Enhanced cerebral blood flow similarity of the somatomotor network in chronic insomnia: Transcriptomic decoding, gut microbial signatures and phenotypic roles
Xiaofen Ma,
Junle Li,
Yuping Yang,
Xiaofan Qiu,
Jintao Sheng,
Ningke Han,
Changwen Wu,
Guang Xu,
Guihua Jiang,
Junzhang Tian,
Xuchu Weng,
Jinhui Wang
Affiliations
Xiaofen Ma
Department of Nuclear Medicine, Jinan University Affiliated Guangdong Second Provincial General Hospital, Guangzhou, China
Junle Li
Institute for Brain Research and Rehabilitation, South China Normal University, Guangzhou, China
Yuping Yang
Institute for Brain Research and Rehabilitation, South China Normal University, Guangzhou, China
Xiaofan Qiu
Institute for Brain Research and Rehabilitation, South China Normal University, Guangzhou, China
Jintao Sheng
State Key Laboratory of Cognitive Neuroscience and Learning, Beijing Normal University, Beijing, China
Ningke Han
Institute for Brain Research and Rehabilitation, South China Normal University, Guangzhou, China
Changwen Wu
Institute for Brain Research and Rehabilitation, South China Normal University, Guangzhou, China
Guang Xu
Department of Neurology, Guangdong Second Provincial General Hospital, Guangzhou, China
Guihua Jiang
Department of Nuclear Medicine, Jinan University Affiliated Guangdong Second Provincial General Hospital, Guangzhou, China
Junzhang Tian
Department of Nuclear Medicine, Jinan University Affiliated Guangdong Second Provincial General Hospital, Guangzhou, China
Xuchu Weng
Institute for Brain Research and Rehabilitation, South China Normal University, Guangzhou, China; Key Laboratory of Brain, Cognition and Education Sciences, Ministry of Education, China; Center for Studies of Psychological Application, South China Normal University, Guangzhou, China; Guangdong Key Laboratory of Mental Health and Cognitive Science, South China Normal University, Guangzhou, China
Jinhui Wang
Institute for Brain Research and Rehabilitation, South China Normal University, Guangzhou, China; Key Laboratory of Brain, Cognition and Education Sciences, Ministry of Education, China; Center for Studies of Psychological Application, South China Normal University, Guangzhou, China; Guangdong Key Laboratory of Mental Health and Cognitive Science, South China Normal University, Guangzhou, China; Corresponding author at: Institute for Brain Research and Rehabilitation, South China Normal University, Guangzhou 510631, China.

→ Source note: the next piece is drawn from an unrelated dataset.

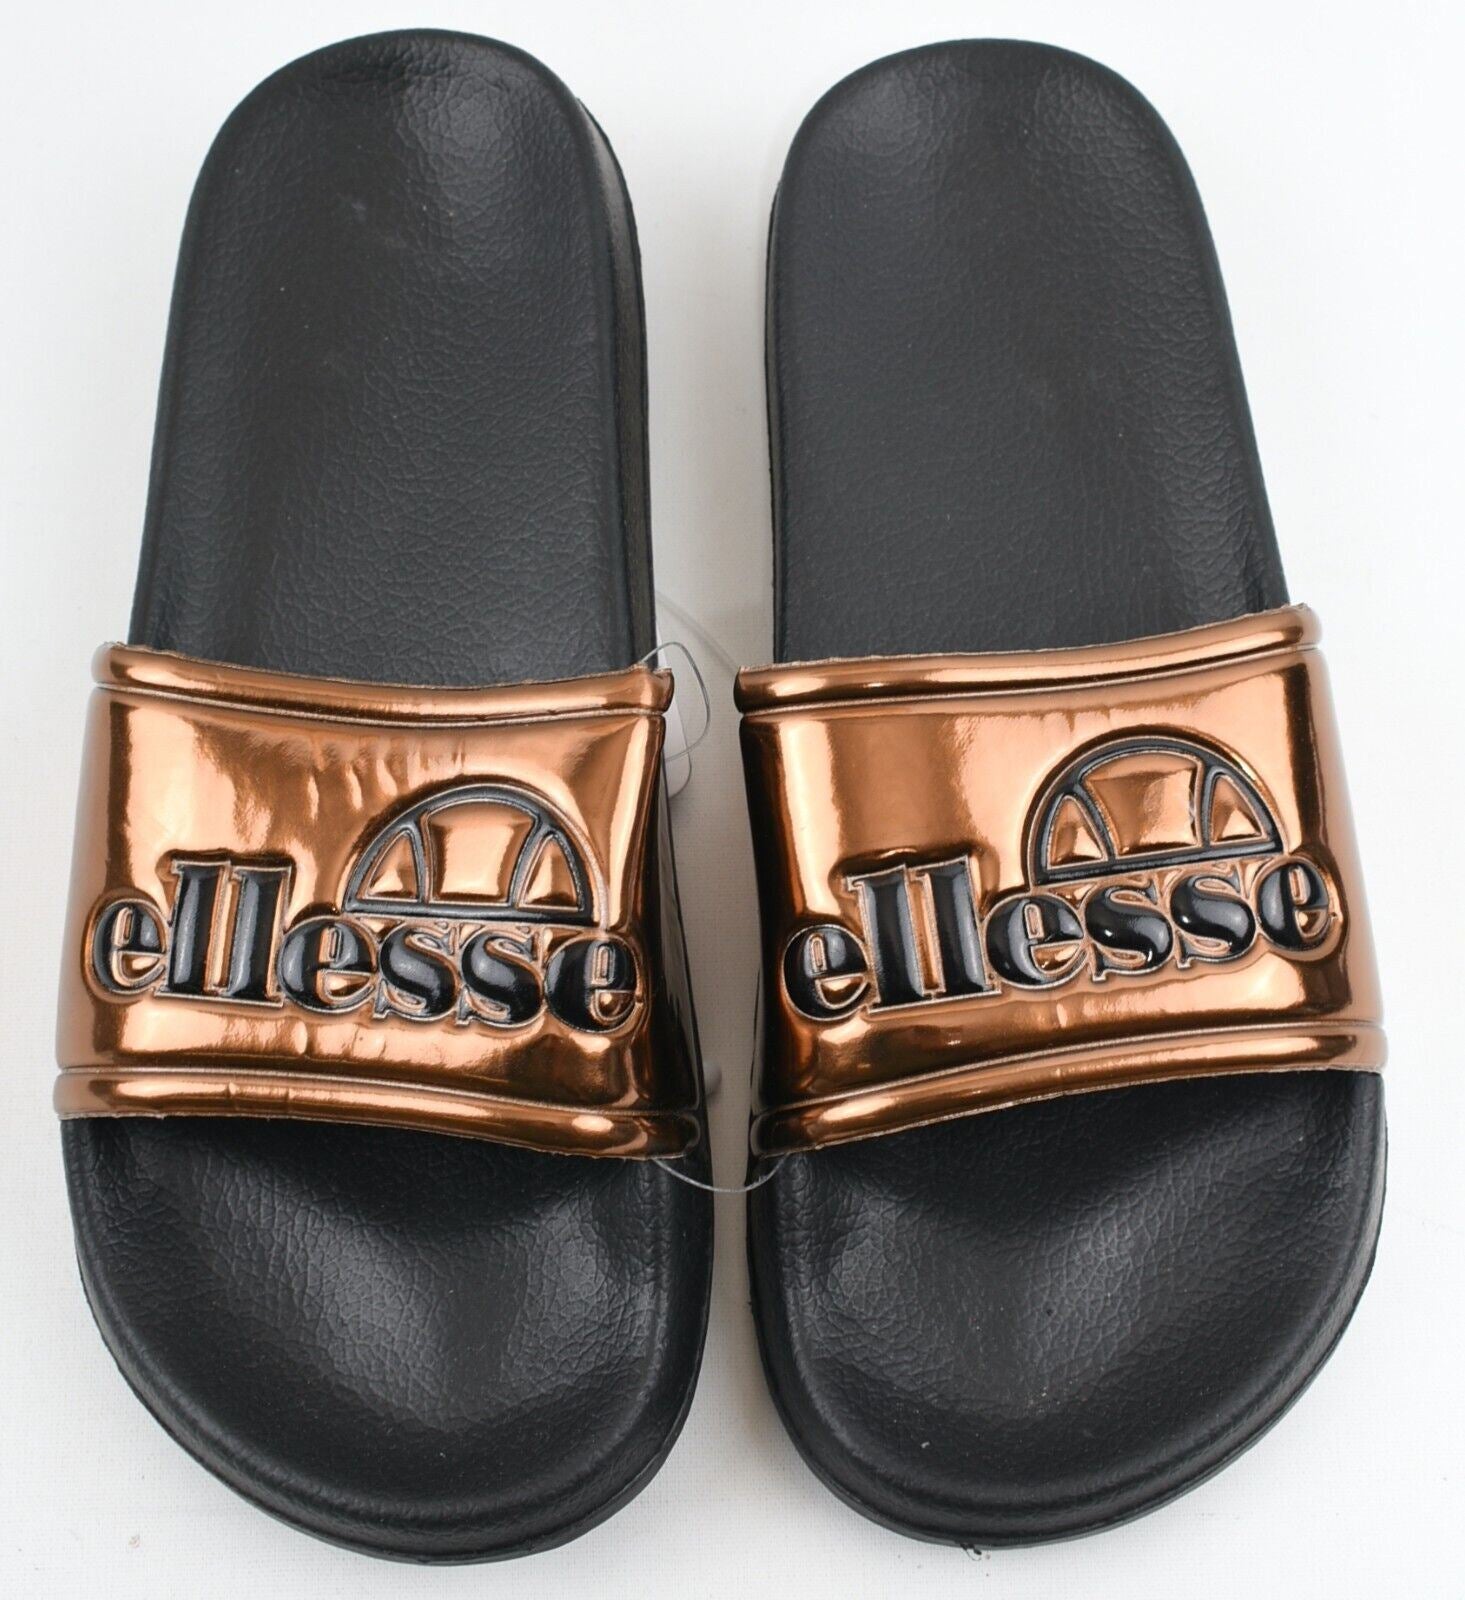 ELLESSE - GISELLE Womens Logo Sliders, Sandals, Bronze/Black, size UK 5 / EU 38
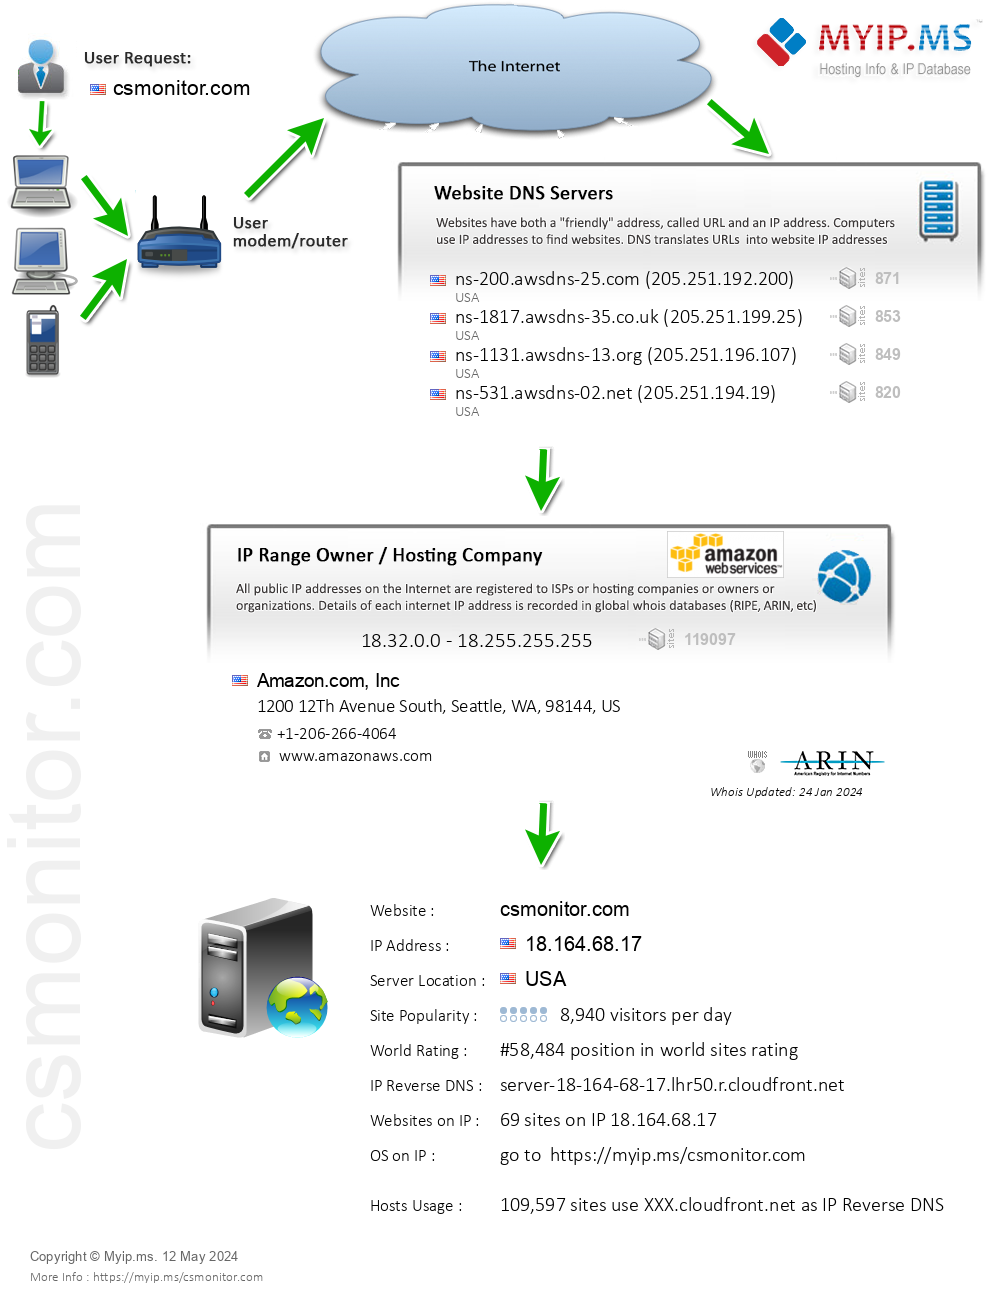 Csmonitor.com - Website Hosting Visual IP Diagram

Chronic insomnia (CI) is a complex disease involving multiple factors including genetics, gut microbiota, and brain structure and function. However, there lacks a unified framework to elucidate how these factors interact in CI. By combining data of clinical assessment, sleep behavior recording, cognitive test, multimodal MRI (structural, functional, and perfusion), gene, and gut microbiota, this study demonstrated that enhanced cerebral blood flow (CBF) similarities of the somatomotor network (SMN) acted as a key mediator to link multiple factors in CI. Specifically, we first demonstrated that only CBF but not morphological or functional networks exhibited alterations in patients with CI, characterized by increases within the SMN and between the SMN and higher-order associative networks. Moreover, these findings were highly reproducible and the CBF similarity method was test-retest reliable. Further, we showed that transcriptional profiles explained 60.4 % variance of the pattern of the increased CBF similarities with the most correlated genes enriched in regulation of cellular and protein localization and material transport, and gut microbiota explained 69.7 % inter-individual variance in the increased CBF similarities with the most contributions from Negativicutes and Lactobacillales. Finally, we found that the increased CBF similarities were correlated with clinical variables, accounted for sleep behaviors and cognitive deficits, and contributed the most to the patient-control classification (accuracy = 84.4 %). Altogether, our findings have important implications for understanding the neuropathology of CI and may inform ways of developing new therapeutic strategies for the disease.